🌿 jardin

AI-powered native plant recommendations. Tell jardin where your garden is and what you care about — pollinators, soil health, food, biodiversity — and it returns a ranked list of native species scored by six specialist AI agents running in parallel.

Running with Docker Compose

Requirements: Docker Desktop (or Docker + Compose plugin), an Anthropic API key.

git clone <repo-url> && cd jardin
cp .env.example .env
# Open .env and set ANTHROPIC_API_KEY=sk-ant-...
docker compose up --build


App	http://localhost:3000
API	http://localhost:8000
API docs	http://localhost:8000/docs
Health	http://localhost:8000/health

The first build downloads the BAAI/bge-base-en-v1.5 embedding model (~400 MB). Subsequent starts use the cached image.

Seed the species database

The app needs species data to make recommendations. Run this after docker compose up:

# Load 200 French native species and AI-score them
docker compose exec backend python -m scripts.load_species --country FR --limit 200 --score

# Add more countries
docker compose exec backend python -m scripts.load_species \
  --country GB --country DE --country IE --limit 300 --score

The --score flag calls Claude to assign ecological scores.

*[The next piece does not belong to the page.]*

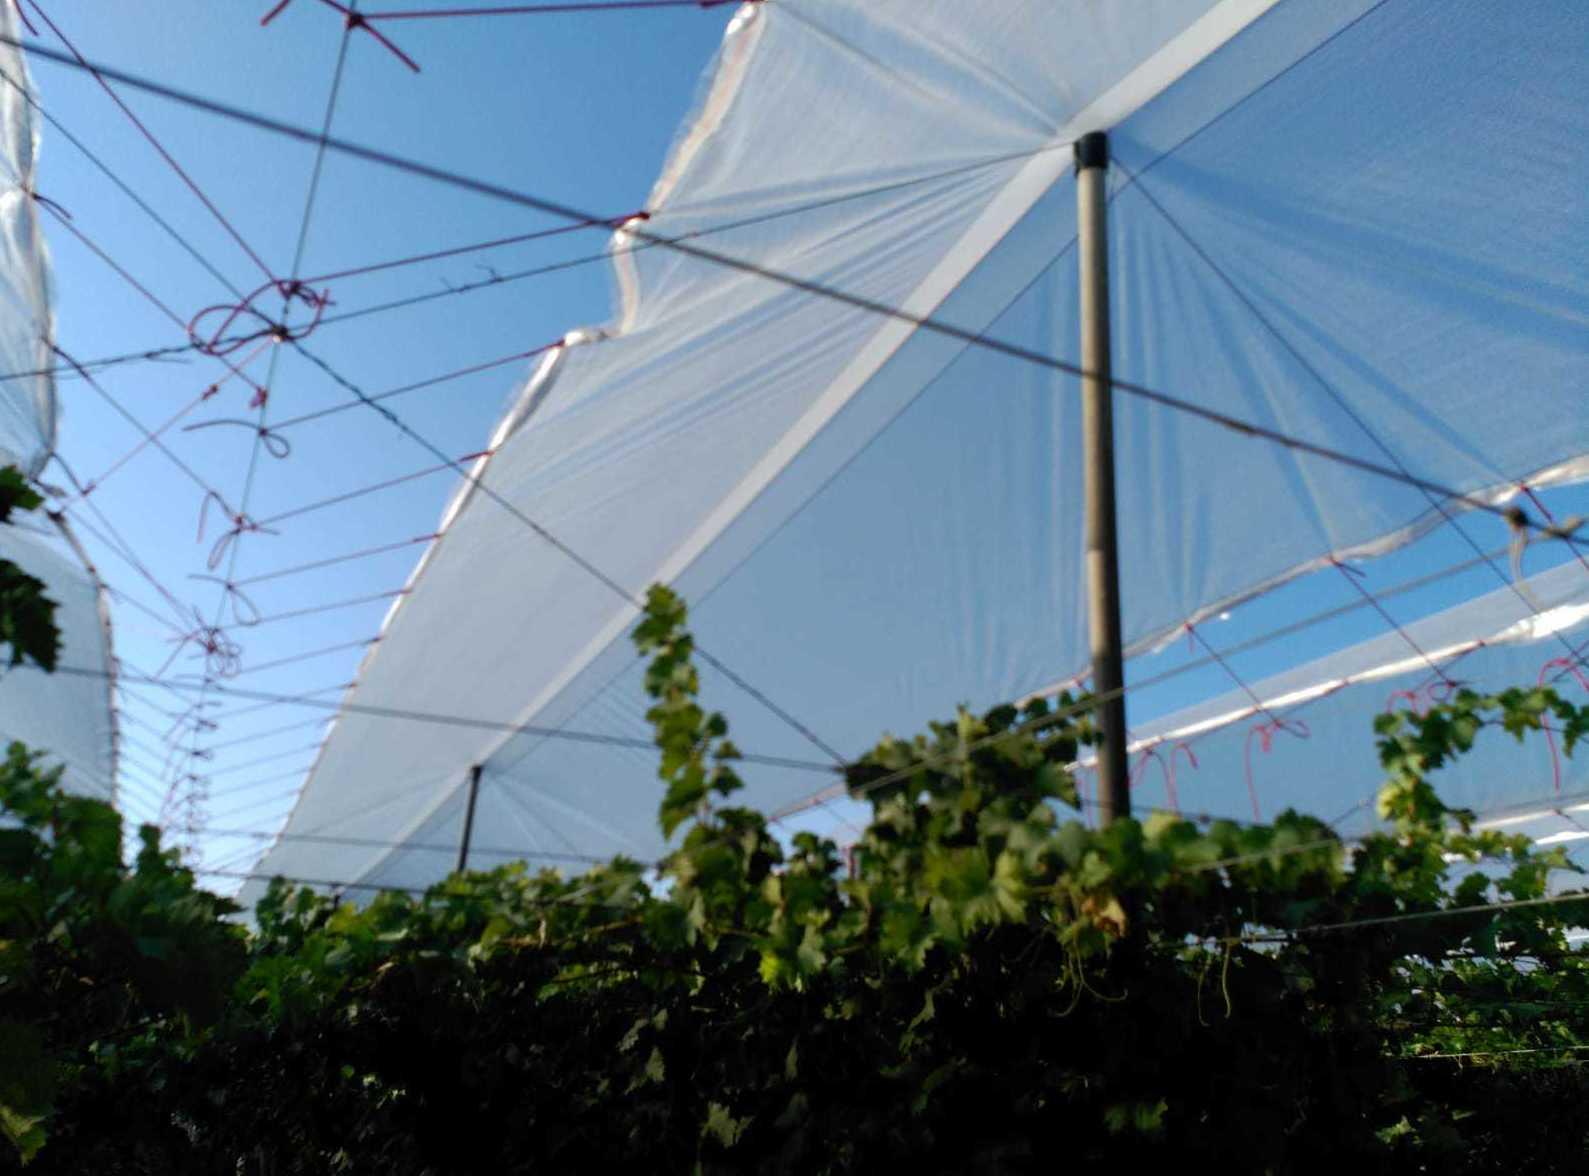 Foto 20 de Infraestructuras y trabajos agrícolas en La Murada – Orihuela | Mantenimiento y Estructuras Agrícolas Mateo e Hijo, S.L.

Without it, placeholder scores (0.5) are stored and the recommendation pipeline still works but ranks will be less meaningful.

Stop / reset

docker compose down          # stop containers, keep database volume
docker compose down -v       # stop and delete the database volume (full reset)

Architecture

Browser  →  Next.js (port 3000)  →  FastAPI (port 8000)  →  Postgres + pgvector
                                          │
                              POST /api/recommendations
                                          │
                                  Background task
                                          │
                         ┌────── fetch_candidates ──────┐
                         │   top-50 species from DB      │
                         └──────────────┬────────────────┘
                                        │  fan-out (parallel)
          ┌──────────┬──────────┬───────┼───────┬────────────┬──────────┐
          ▼          ▼          ▼       ▼       ▼            ▼          ▼
     Pollinators  Insects     Soil  Environment Food/Utility  Size
       agent       agent     agent    agent       agent      agent
          └──────────┴──────────┴───────┼───────┴────────────┴──────────┘
                                        │  fan-in
                                 merge_and_rank
                                 (top-20, weighted)
                                        │
                              SSE stream → browser

Results stream live to the browser as each agent finishes via Server-Sent Events. Each species detail page has a streaming chat interface backed by the same Claude model.

Scoring dimensions

Dimension	What the agent evaluates
Pollinators	Value to bees, butterflies, moths, hoverflies
Insects	Host plant for caterpillars, beetles, other invertebrates
Soil	Nitrogen fixation, mycorrhizal networks, organic matter
Environment	Carbon sequestration, erosion control, microclimate
Food / utility	Edible parts, medicinal uses, practical harvests
Size	Suitability for compact spaces and containers (high = compact, low = large tree)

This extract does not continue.